These mysterious HTTP 502s happened to me already twice over the past few years. Since the amount of service-to-service communications every year goes only up, I expect more and more people to experience the same issue. So, sharing it here.

TL;DR: HTTP Keep-Alive between a reverse proxy and an upstream server combined with some misfortunate downstream- and upstream-side timeout settings can make clients receiving HTTP 502s from the proxy.

How Robusta makes Kubernetes operation better for everyone:

  1. You run into a failure scenario and write an alert & Robusta runbook.
  2. The same scenario happens again but in a different setup. You adapt the runbook
    ...and contribute it back to Robusta so that others could use it too!
  3. You change teams, departments, companies but your best runbooks stay with you -
    they are now a part of the standard Robusta distribution! Win-win! 🖤

Go check it out!

Below is a longer version...

HTTP 502 status code, also know as Bad Gateway indicates that a server, while acting as a gateway or proxy, received an invalid response from the upstream server. Typical problems causing it (summarized by Datadog folks):

  • Upstream server isn't running
  • Upstream server times out
  • Reverse proxy is misconfigured (e.g., my favourite one - trying to call uWSGI over HTTP while it listens on uwsgi protocol 🙈)

However, sometimes there seems to be no apparent reason for HTTP 502s responses while clients sporadically see them:

For me personally, it happened twice already - the first time, with a Node.js application running behind AWS ALB; and the second time, with a Python (uWSGI) application running behind Traefik reverse proxy. And it took quite some time for my team to debug it back in the day (we even involved premium AWS support to pin down the root cause).

Long story short, it was a TCP race condition.

A detailed explanation of the problem, including some low-level TCP packet analysis, can be found in this lovely article. And here, I'll just try to give a quick summary.

First off, any TCP connection is a distributed system. Well, it should make sense - the actual state of a connection is distributed between its [remote] endpoints. And as the CAP theorem dictates, any distributed system can be either available 100% of the time or consistent 100% of the time, but not both. TCP obviously chooses the availability.

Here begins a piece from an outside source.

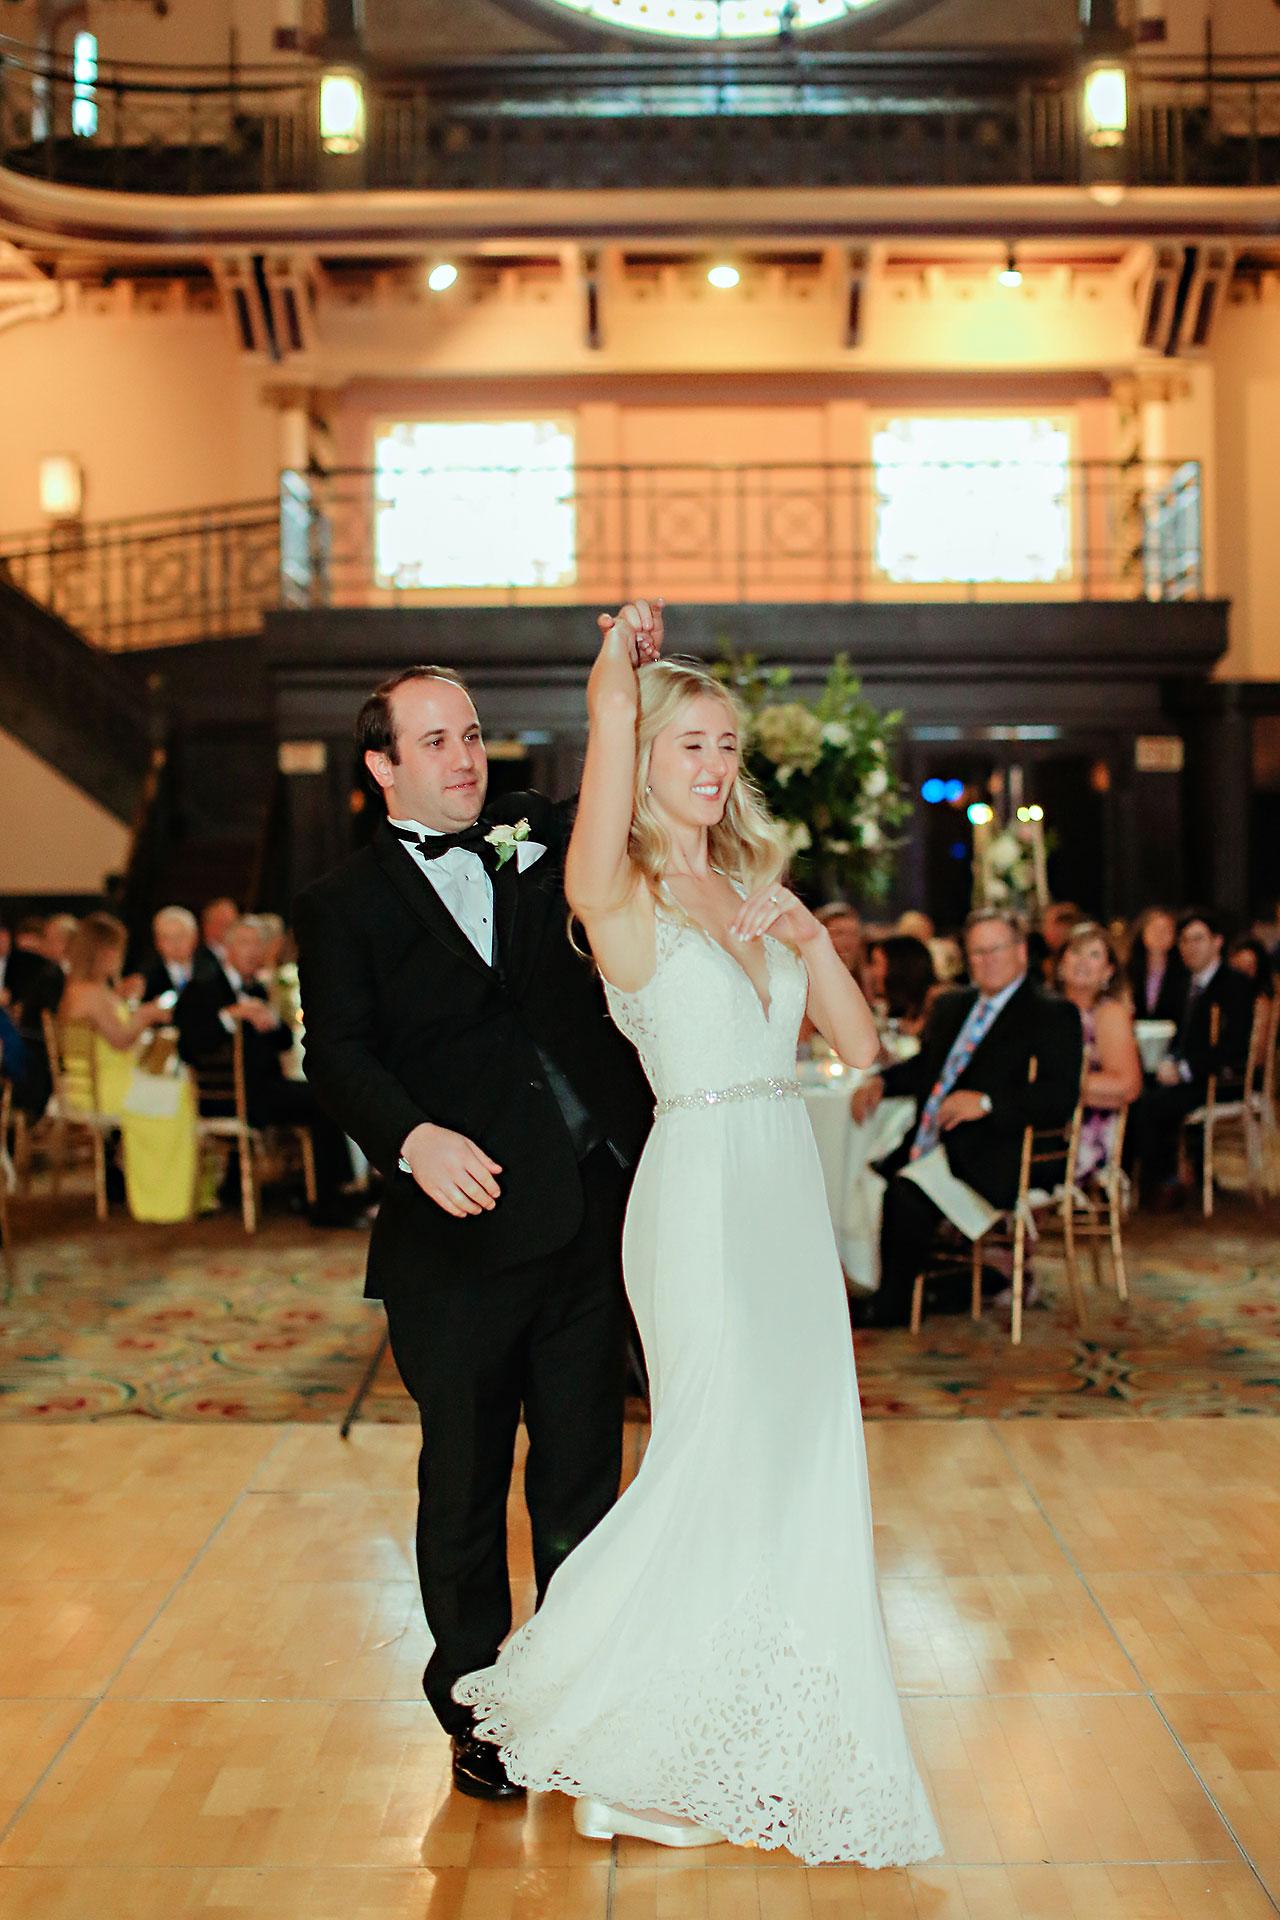 Allison Jeff Union Station Crowne Plaza Indianapolis wedding 296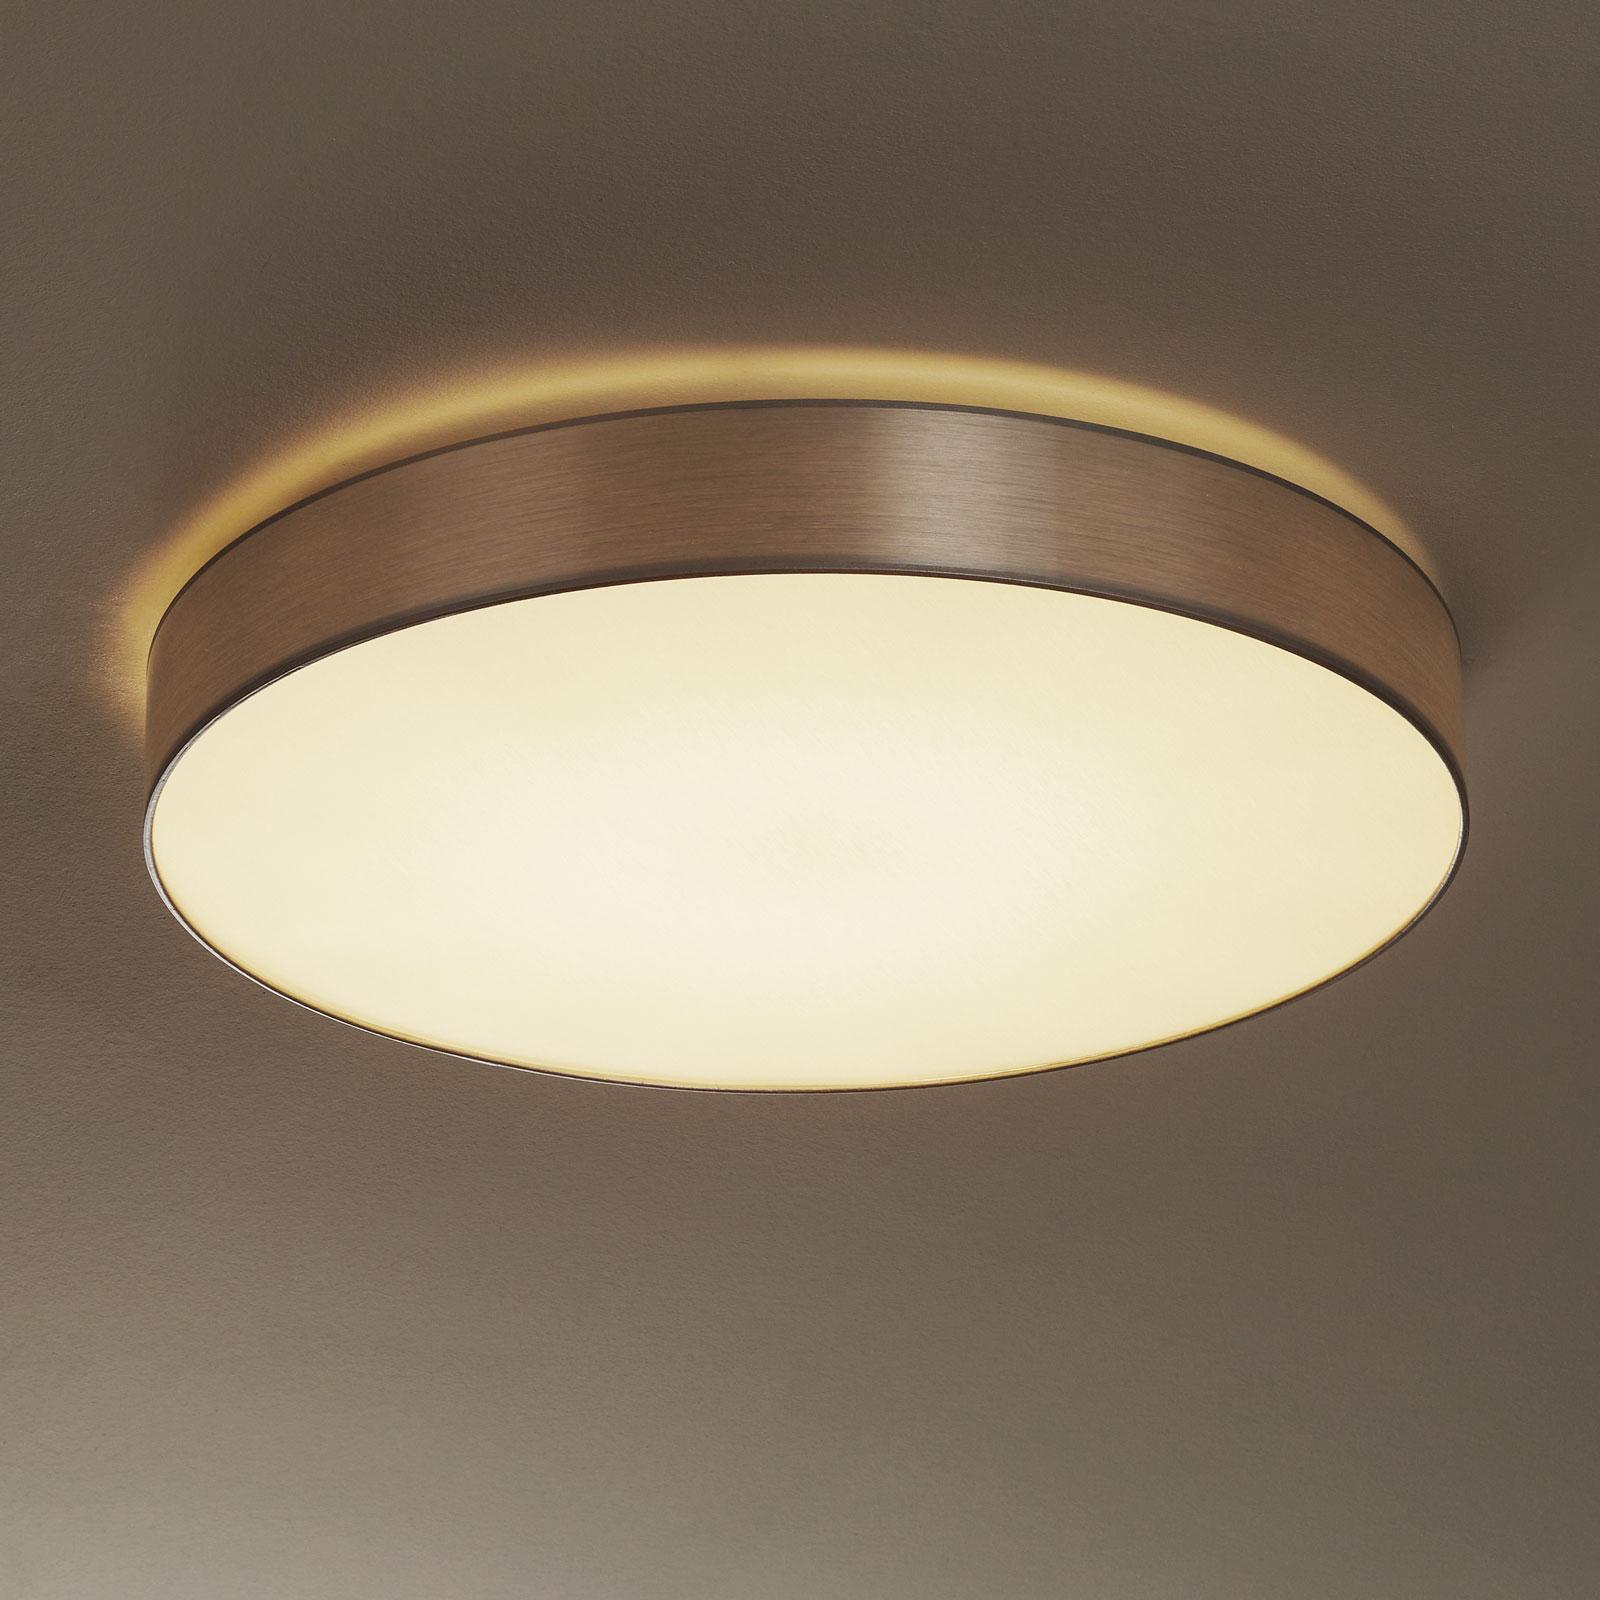 Aurelia - ściemniana lampa sufitowa LED

Hence, the state of a TCP connection is only eventually consistent!

Why does it matter for us?

While this serverfault answer says that the HTTP Keep-Alive should be used only for the client-to-proxy communications, from my experience, proxies often keep the upstream connections alive too. This is a so-called connection pool pattern when just a few connections are heavily reused to handle numerous requests.

When a connection stays in the pool for too long without being reused, it's marked as idle. Normally, idle connections are closed after some period of inactivity. However, the server-side (i.e., the upstream) also can drop idle connections. So, what sometimes happens is that the proxy and the upstream have some misfortunate idle connection timeout settings. More specifically, if the proxy and the upstream have exactly the same idle timeout durations or the upstream drops connection sooner than the proxy.

While one endpoint (the proxy) can still be thinking that the connection is totally fine, the other endpoint may have already started closing the connection (the upstream).

So, the proxy starts writing a request into a connection that is being closed by the upstream. And instead of getting the TCP ACK for the sent bytes, the proxy gets TCP FIN (or even RST) from the upstream. Oftentimes, the proxy just gives up on such requests and responds with immediate HTTP 502 to the client. And this is completely invisible on the application side! So, no application logs will be helpful in such a case.

The problem is actually quite generic. Theoretically, it can happen in any point-to-point TCP communication where the connections are reused if the upstream drops connections faster than the downstream. However, most of the time, the problem manifests itself with a reverse proxy talking to an upstream with HTTP Keep-Alive being on.

How to mitigate:

  • Make sure the upstream (application) idle connection timeout is longer than the downstream (proxy) connection timeout
  • Disable connection reuse between the upstream and the proxy (turn off HTTP Keep-Alive)
  • Employ HTTP 5xx retries on the client-side (well, they are a must-have anyway).